Accordingly, the motion to dismiss count I of the complaint is denied.
2. Unfair Trade Practices Act Claim (Complaint Count II)
The court concludes that, as the Bank argues, this claim is preempted by federal law. Regulations issued by the Comptroller of the Currency expressly state that "[n]ational banks' debt cancellation contracts and debt suspension agreements are governed by this part and applicable Federal law and regulations, and not by part 14 of this chapter or by State law." 12 C.F.R. 37.1(c) (emphasis added. Federal regulations have the same pre-emptive effect as federal statutes. Fidelity Federal Savings & Loan Ass'n v. De La Cuesta, 458 U.S. 141, 153 (1982). The Borrower Protection Plan at issue in this case meets the definition of a debt cancellation or debt suspension contract under the federal regulations. See 12 C.F.R. §§ 37.2(f), 37.2(g).
Although the complaint does not expressly allege that the Bank of America is a national bank, the Jeffordses do not dispute that status. Federally chartered banks are subject to state laws of general application to the extent that such laws do not conflict with the letter of general purposes of the National Bank Act, 12 U.S.C. § 1 et seq. See Watters v. Wachovia Bank N.A., 550 U.S. 1, 11 (2007). In count II of the complaint, however, the Jeffordses seek to subject a debt cancellation contract to a Maine consumer protection law. The federal regulations, which are expressly designed to ensure that debt cancellation contracts are subject to "appropriate consumer protections, " 12 C.F.R. § 37.1(b), therefore expressly preempt the Maine Unfair Trade Practices Act with respect to debt cancellation contracts.
3. Unjust Enrichment (Complaint Count III)
The Bank argues that this claim is also pre-empted. Under Maine law, however, an unjust enrichment remedy exists not as a matter of consumer protection but to allow restitution in a case where contractual requisites have not been satisfied or where for some other reason there is no contractual relationship.

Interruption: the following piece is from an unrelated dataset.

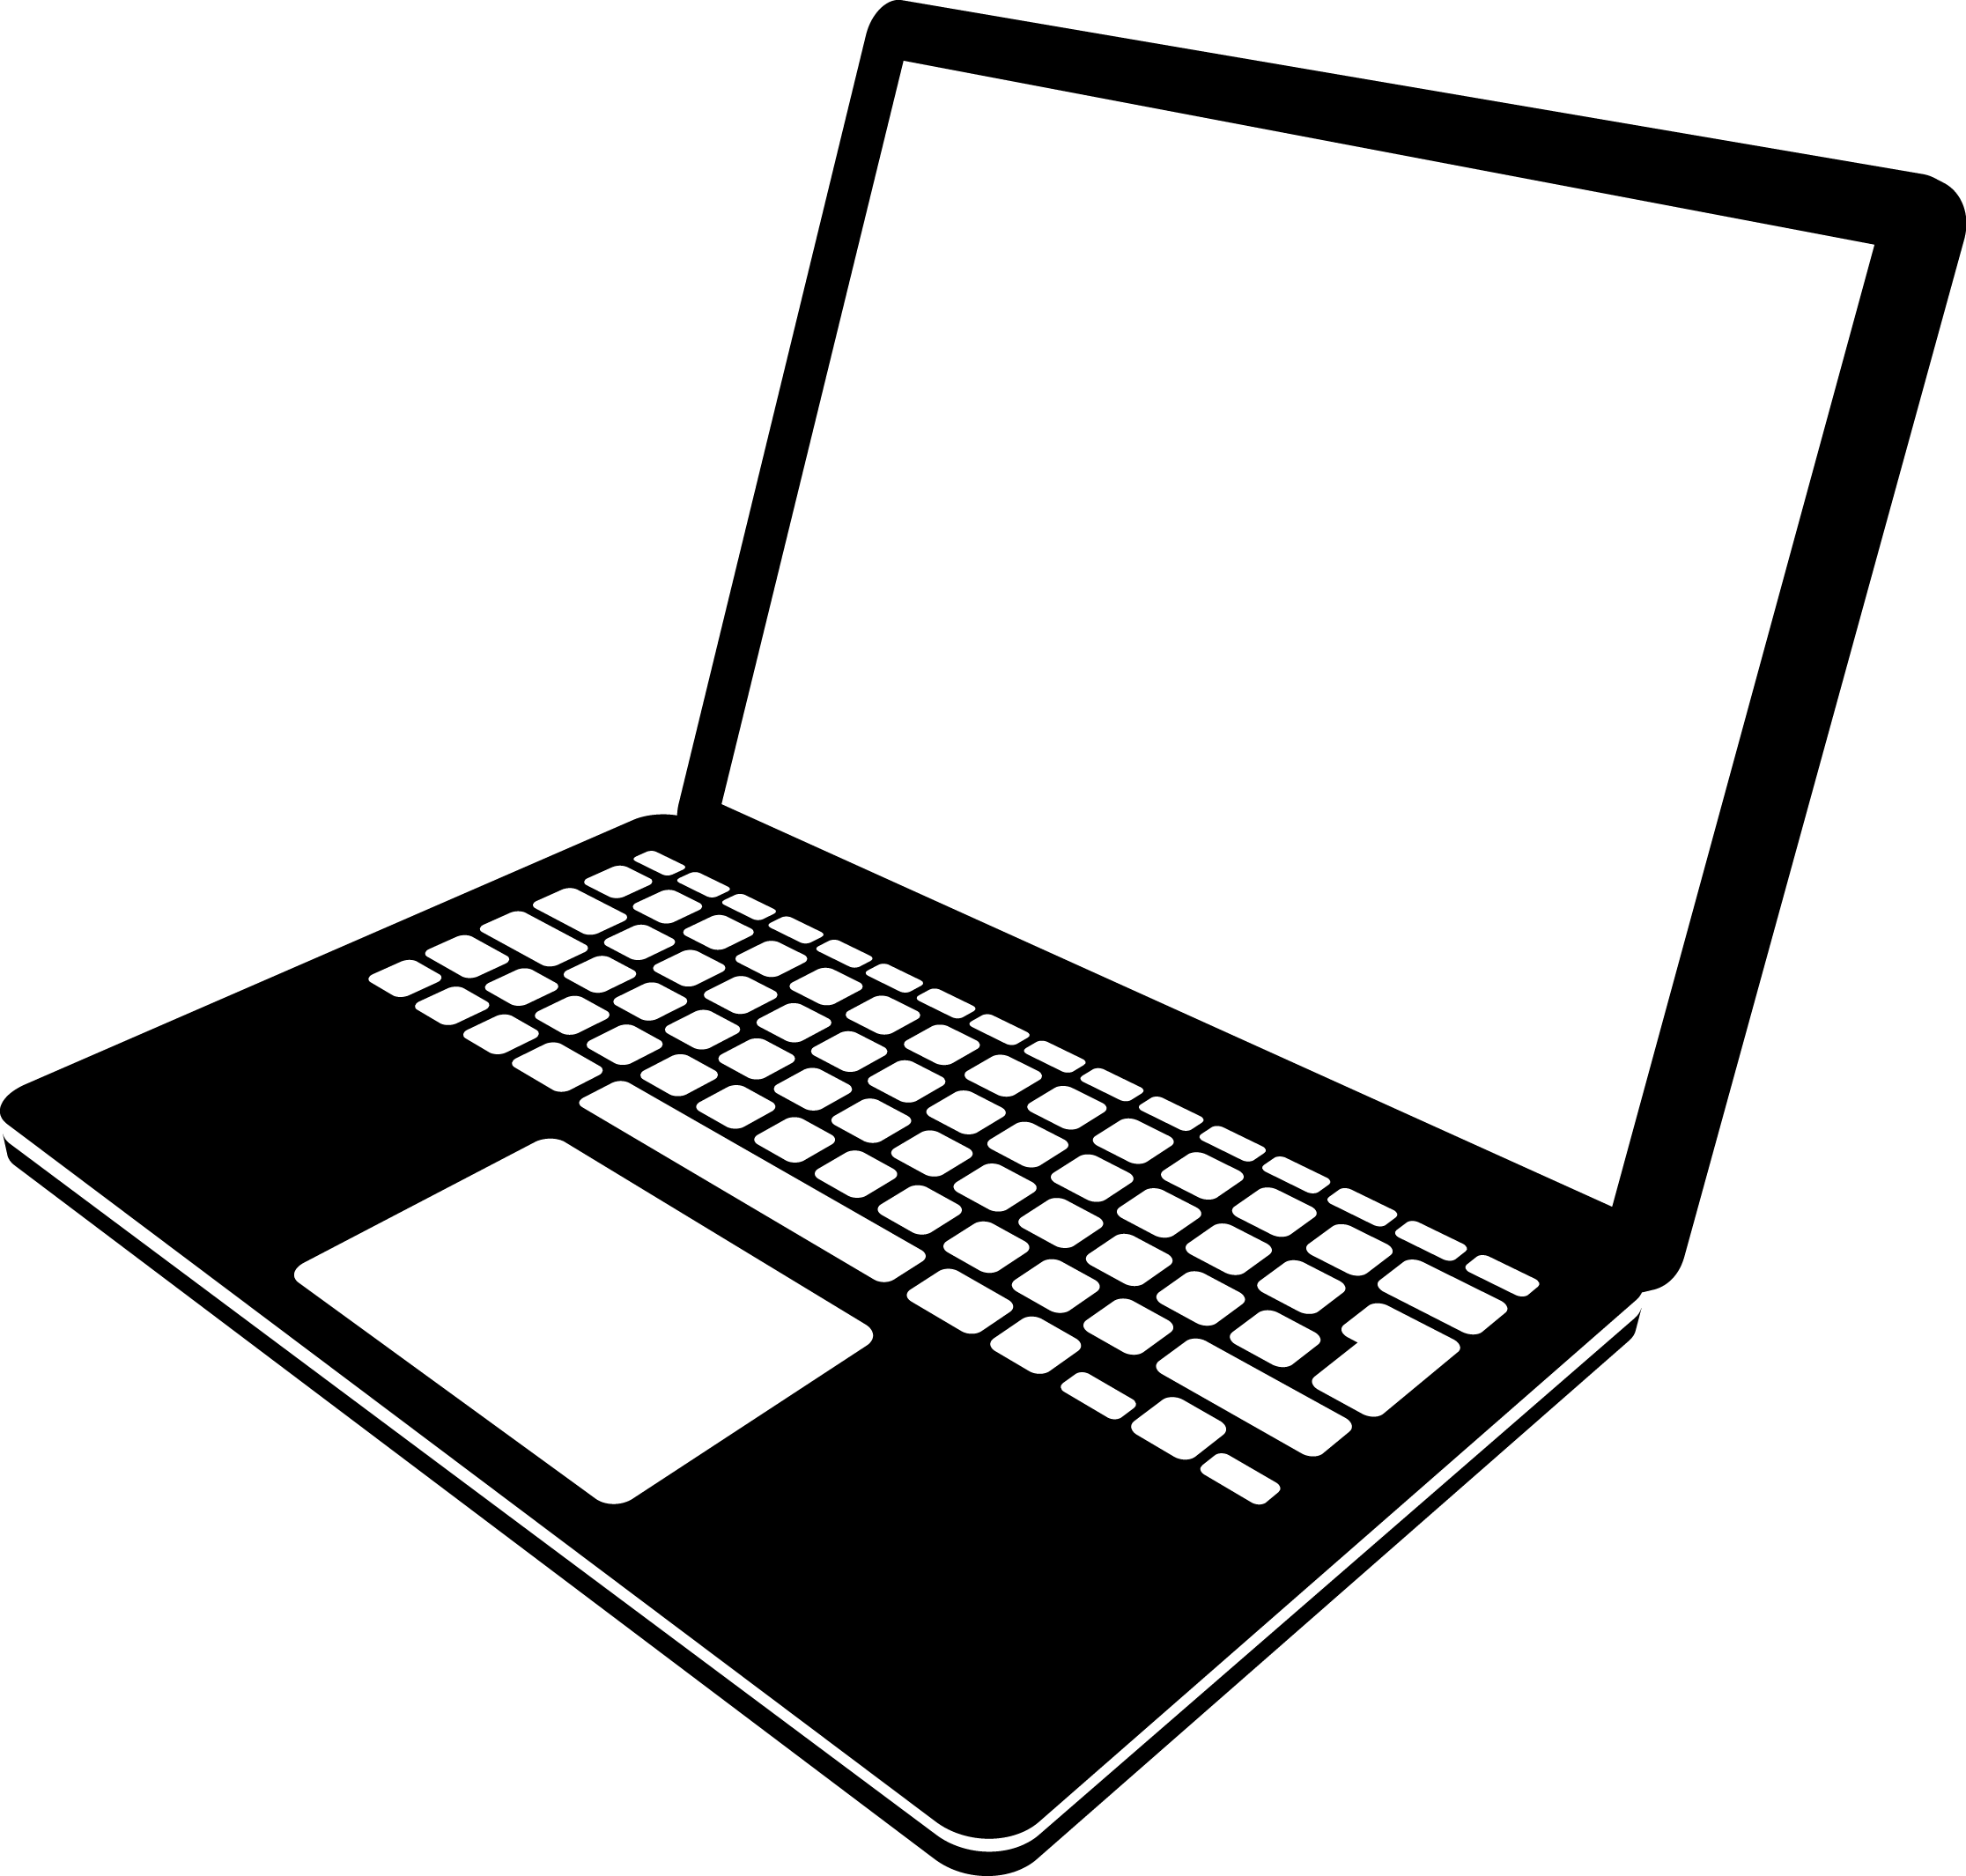 Компьютер контурный рисунок фото

In the court's view, therefore, the Jeffordses' cause of action for unjust enrichment is not pre-empted. However, it fails to state a claim for another reason -because the existence of a contractual relationship precludes recovery on a theory of unjust enrichment. Nadeau v. Pitman, 1999 ME 104 ¶ 14, 731 A.2d 863. The Jeffordses have alleged that there is a contractual relationship in this case, and the documents that are annexed to their complaint confirm that relationship. As a result, this action must stand or fall on whether the Jeffordses have complied with their contract, whether any conditions to that contract that did not occur should be excused as immaterial, and whether the Bank was within its rights to decline the Jeffordses' application to cancel monthly payments.
Under these circumstances, the allegations in the complaint fail to state a claim for unjust enrichment.
The entry shall be:
Defendant's motion to dismiss is denied as to count I of the complaint but is granted as to counts II and III of the complaint. The clerk is directed to incorporate this order in the docket by reference pursuant to Rule 79(a).